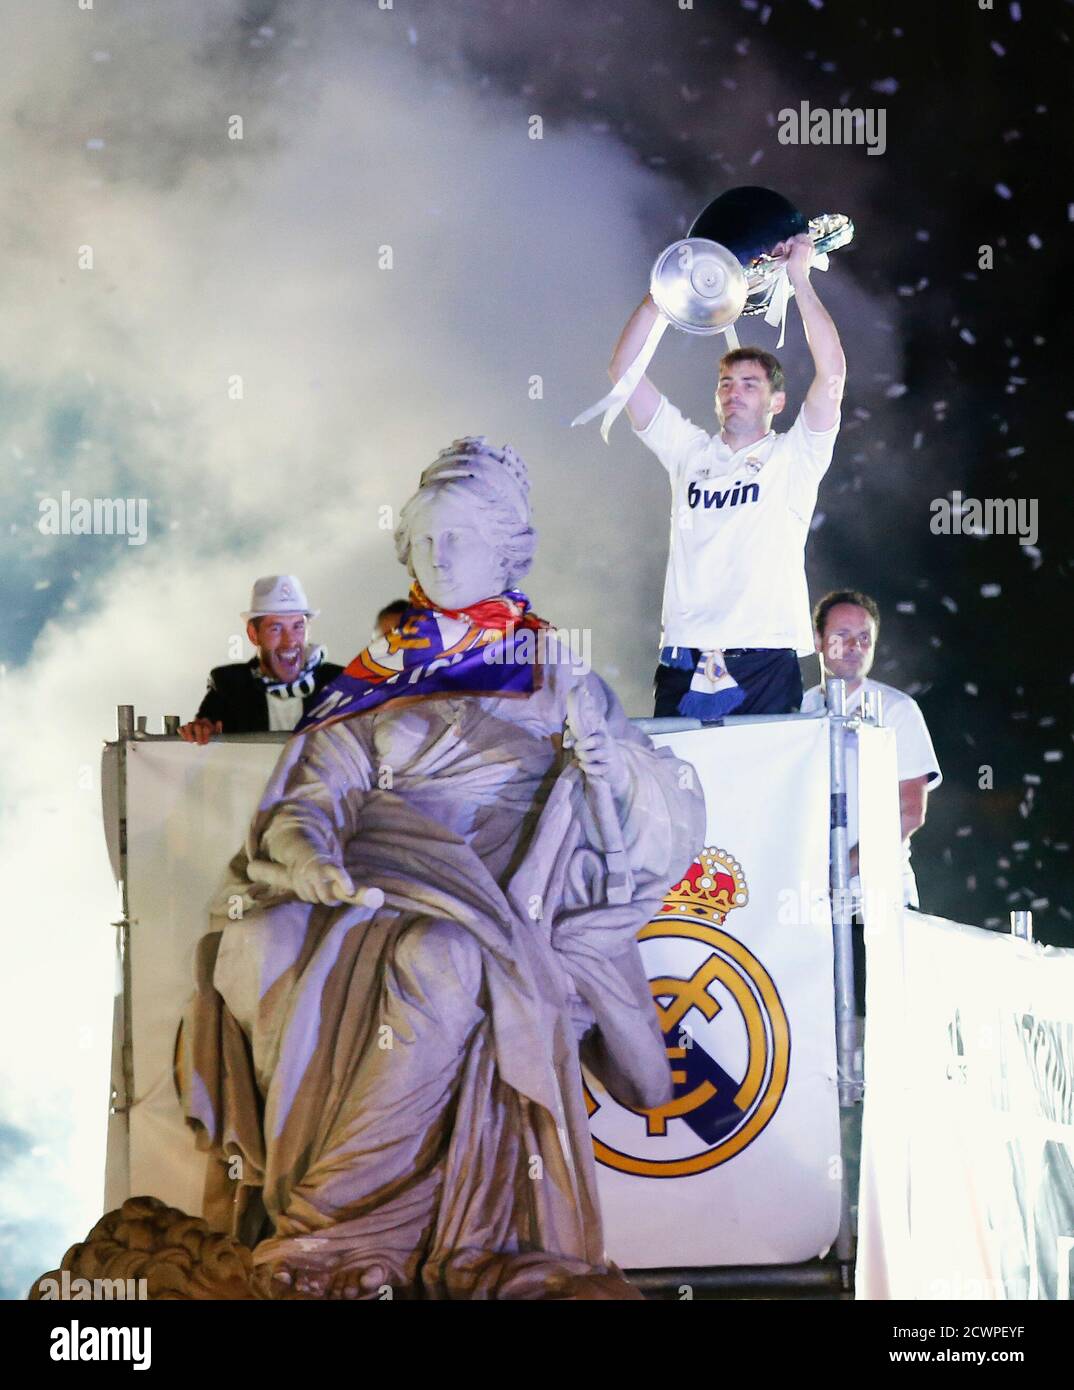 Real Madrid captain's Iker Casillas (R) and Sergio Ramos celebrate with the  trophy after winning their Champions League final soccer match against  Atletico Madrid, on top of the Cibeles statue in Madrid
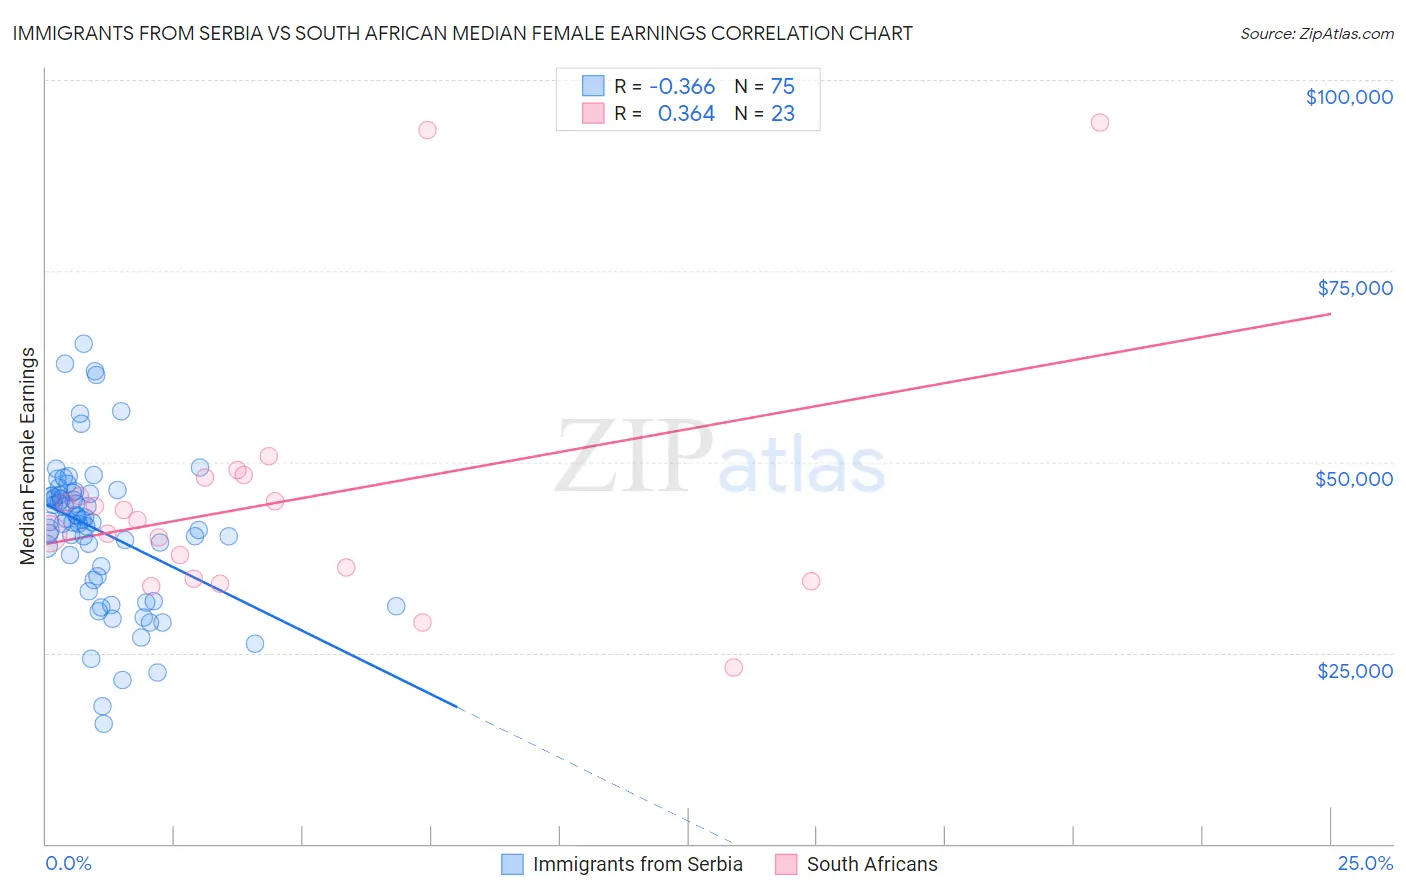 Immigrants from Serbia vs South African Median Female Earnings
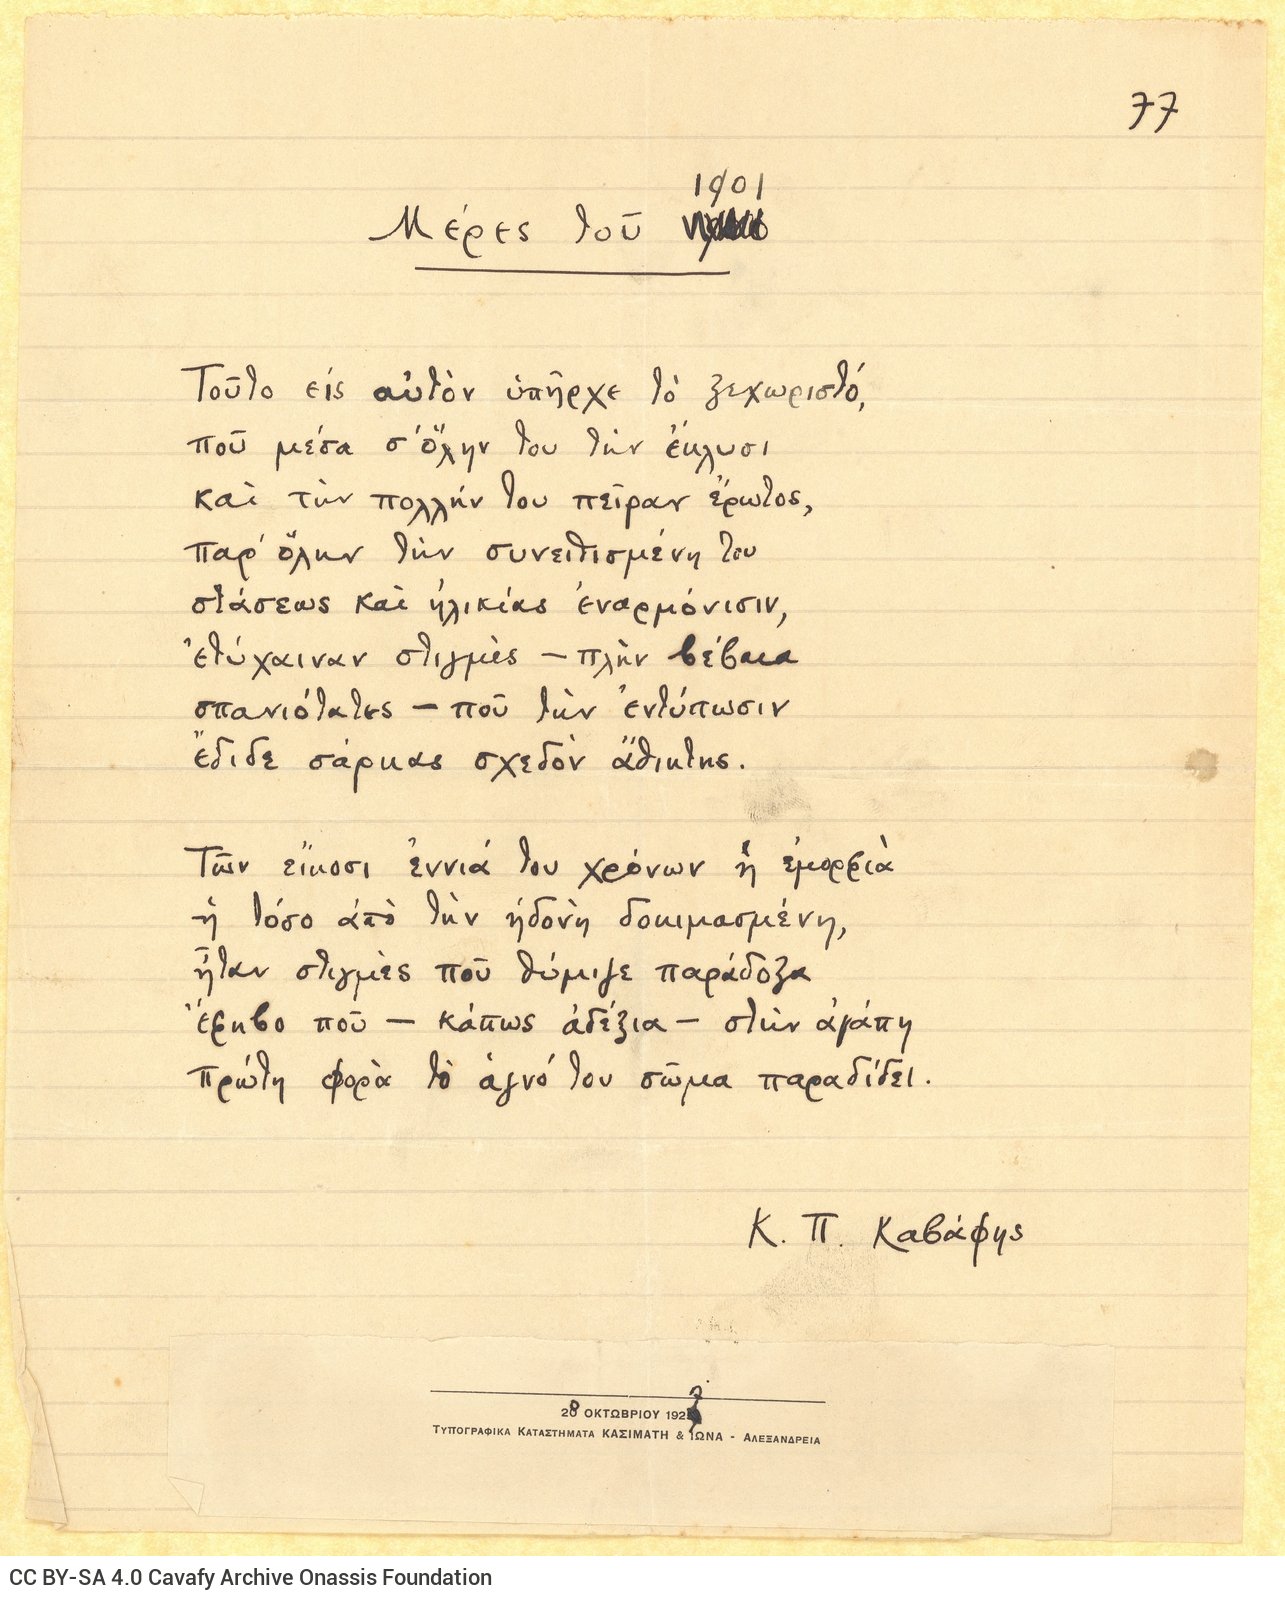 Autograph manuscript of the poem "Days of 1901" on one side of a ruled sheet. The date in the title has been crossed out a
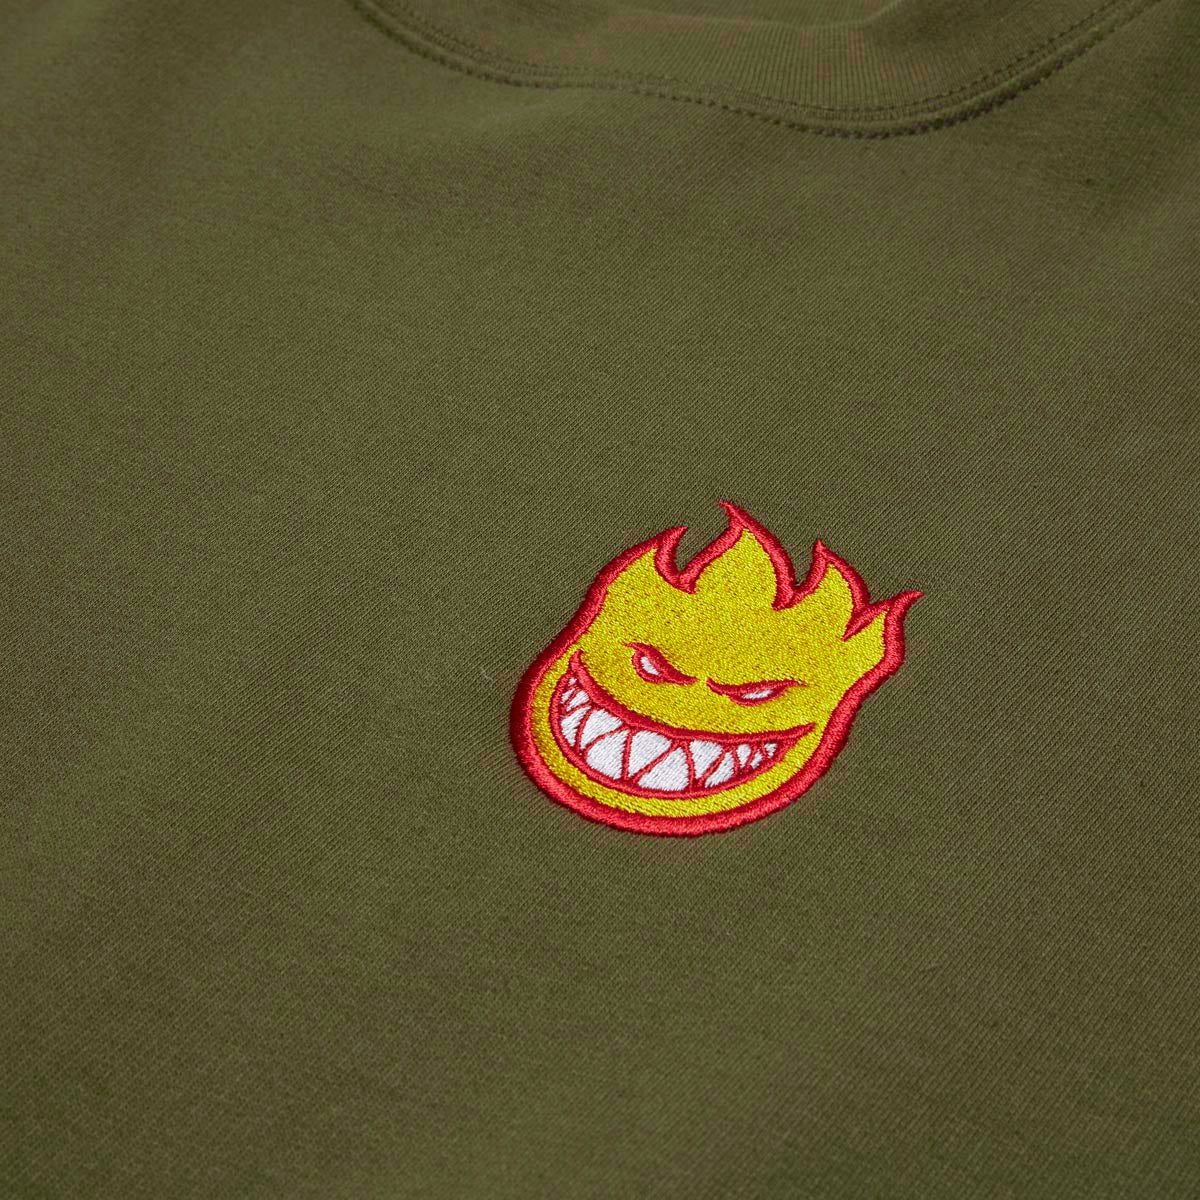 Spitfire Lil Bighead Fill Sweatshirt - Army/Red/Gold/White image 2

########

◆ What you will do:
Restate the listing word for word, pictures omitted.

◆ Your response:
 Real Madrid captain's Iker Casillas (R) and Sergio Ramos celebrate with the  trophy after winning their Champions League final soccer match against  Atletico Madrid, on top of the Cibeles statue in Madrid
 Immigrants from Serbia vs South African Median Female Earnings
 Autograph manuscript of the poem "Days of 1901" on one side of a ruled sheet. The date in the title has been crossed out a
 Spitfire Lil Bighead Fill Sweatshirt - Army/Red/Gold/White image 2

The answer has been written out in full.